Google announced this partnership with Yale, and their AI model has generated a cancer hypothesis. This, of course, is the initial stage of research, and the company says they achieved in vitro success, which then requires testing and confirmation in vivo. Firstly, what are your thoughts on this development? Secondly, what does it truly mean for an AI model to generate a scientific hypothesis, and why is that significant? I am asking this because I want to know: is this a 'Sputnik moment' for AI, or is that an exaggeration?

Firstly, I would like to congratulate the Google and Yale team for achieving this impressive breakthrough. The first thing we have to consider is what this thing that's been created actually is: it's a model of a single cell that enables it to answer questions a scientist asks. For instance, they might ask, "Can you find me this?" or "Can you tell me about this?"

The model's power lies in the vast volume of different, multimodal data types used to build it. This essentially creates a statistical model of how the single cell will behave. The data types include imaging, biochemical, and phenotypic data, all merged with open-source information on pathways, genes, and proteins.

This specific development is a single-cell model for cancer, making it disease-specific. The paper discusses the concept of developing similar models for other diseases and cell types. By linking different data types, the model offers predictions. However, we must be careful about calling it an "AI" in the sense of an independent creator; it is a model that is only as good as the data used to create it.

The authors themselves discuss extending the model with more data types to increase the fidelity of the information and the model's ability to offer alternatives or predict things. But it always comes down to the question you ask of the model. The model itself won't just create something out of nothing regarding potential treatments or outcomes for the disease in question. It responds to a prompt like, "I am investigating this; can you find me an alternative or something that works with this?"

That is why it's so important to really distinguish this from the de novo creation of a hypothesis by the model or the AI on its own.

Back to the question -- is this a Sputnik moment -- maybe, maybe not. I am not sure. My healthy scepticism has me thinking if this has been done before, but behind “closed doors” -- so in that way it may not be the “first”. There is no doubt, however, it will fuel the research into this space as it shows what's possible -- and being open-source means others can build on it, which is the best way to accelerate development. So, in this way, it is just like Sputnik -- it will incentivise and challenge others to build on it and do better, like getting a man on the moon, or in this case, even Mars.

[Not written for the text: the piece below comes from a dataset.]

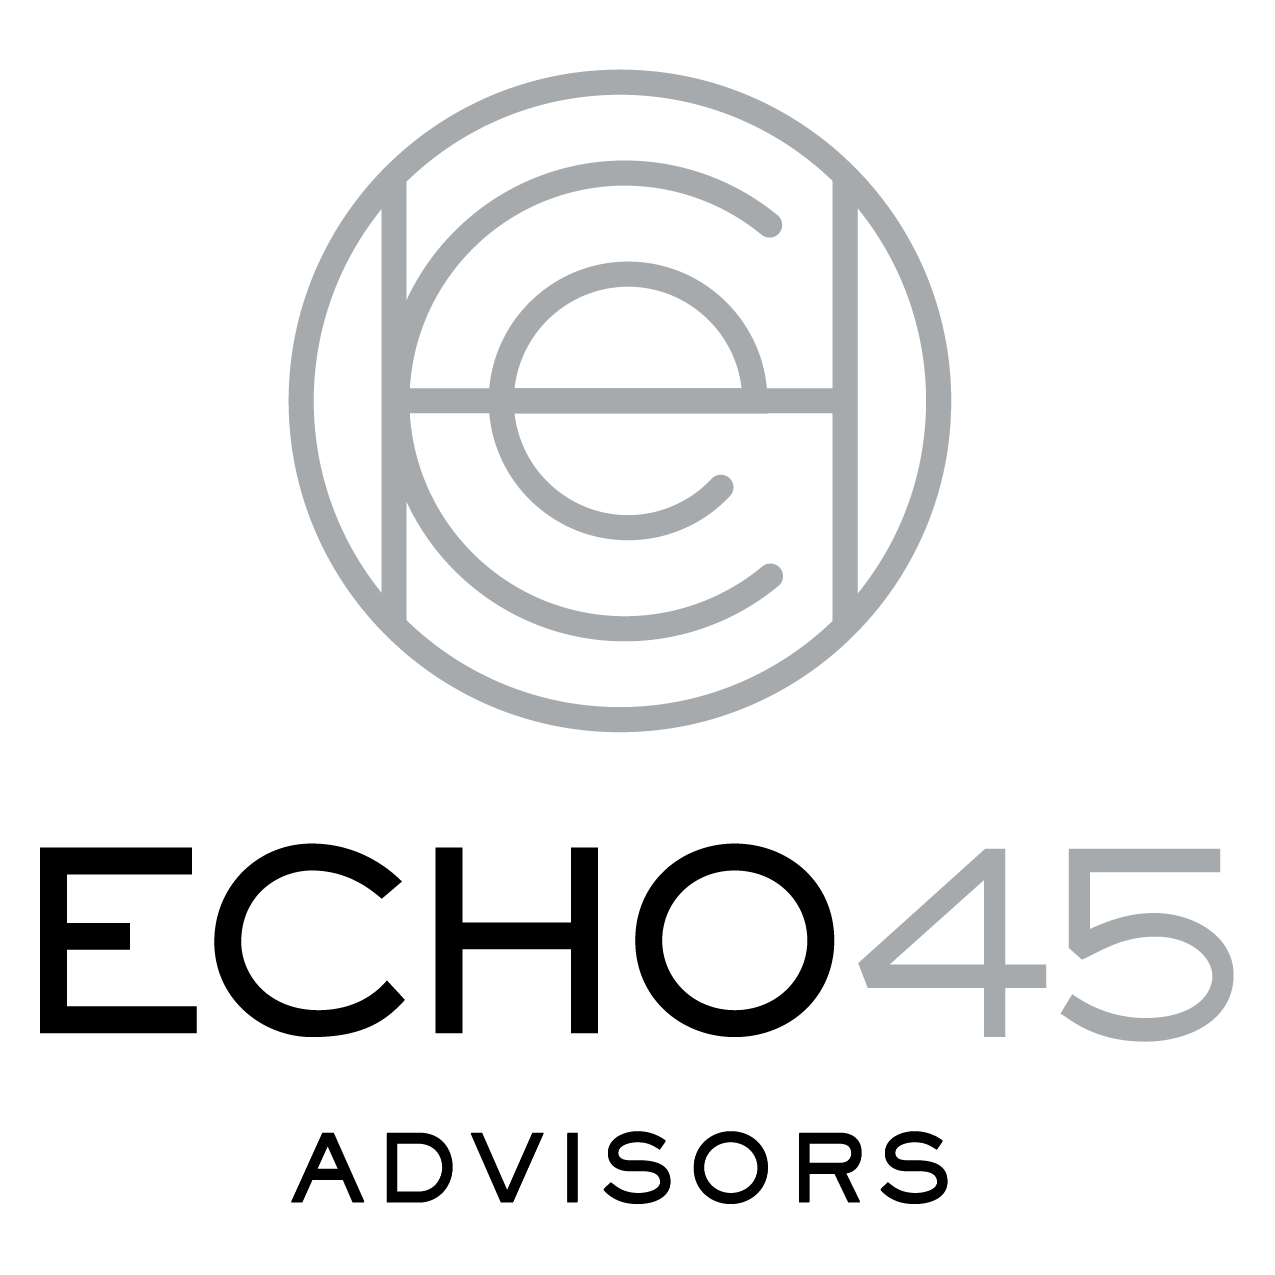 Echo45 Advisors

Okay, this is fantastic. They built a model, applied a “specialised LLM” trained on a multimodal corpus of over 50 million cells and associated text on top of it, and the scientists used a highly structured, computational query to interact with the model. Hence, this isn’t a classic LLM query like “Hey C2S, what drug combination works for cold tumors?”

Yes, that’s correct. Now, let's be clear: this is a very, very large model. While I don't know if private organizations have produced bigger ones, the sheer number of parameters they used -- in the billions -- means it can accommodate a vast variety of different questions. This is because all cell behavior is interlinked, and the model's main function is to map all those links.

The power of having such a large model to describe the overall behavior of an individual cell -- remember, this is a single-cell model -- is its ability to find relationships that a human cannot see or even contemplate. We can only actively manipulate perhaps two or three parameters in our minds at once; whereas this model has billions.

That is the true power I see in this methodology: building a model using the highest quality and largest volume of data possible. This allows the model to be used effectively to test or generate hypotheses.

Now that the model has come up with the hypothesis, the scientists will still have to test it as the next step, through experiments.

Yes, now that the model has come up with the hypothesis, the normal process goes on. Now we have the classic design, make, test, analyze (DMTA) cycle. What the Goole-Yale model offers is the ability to generate ideas for testable hypotheses in the lab, all derived from a vast pool of quality data.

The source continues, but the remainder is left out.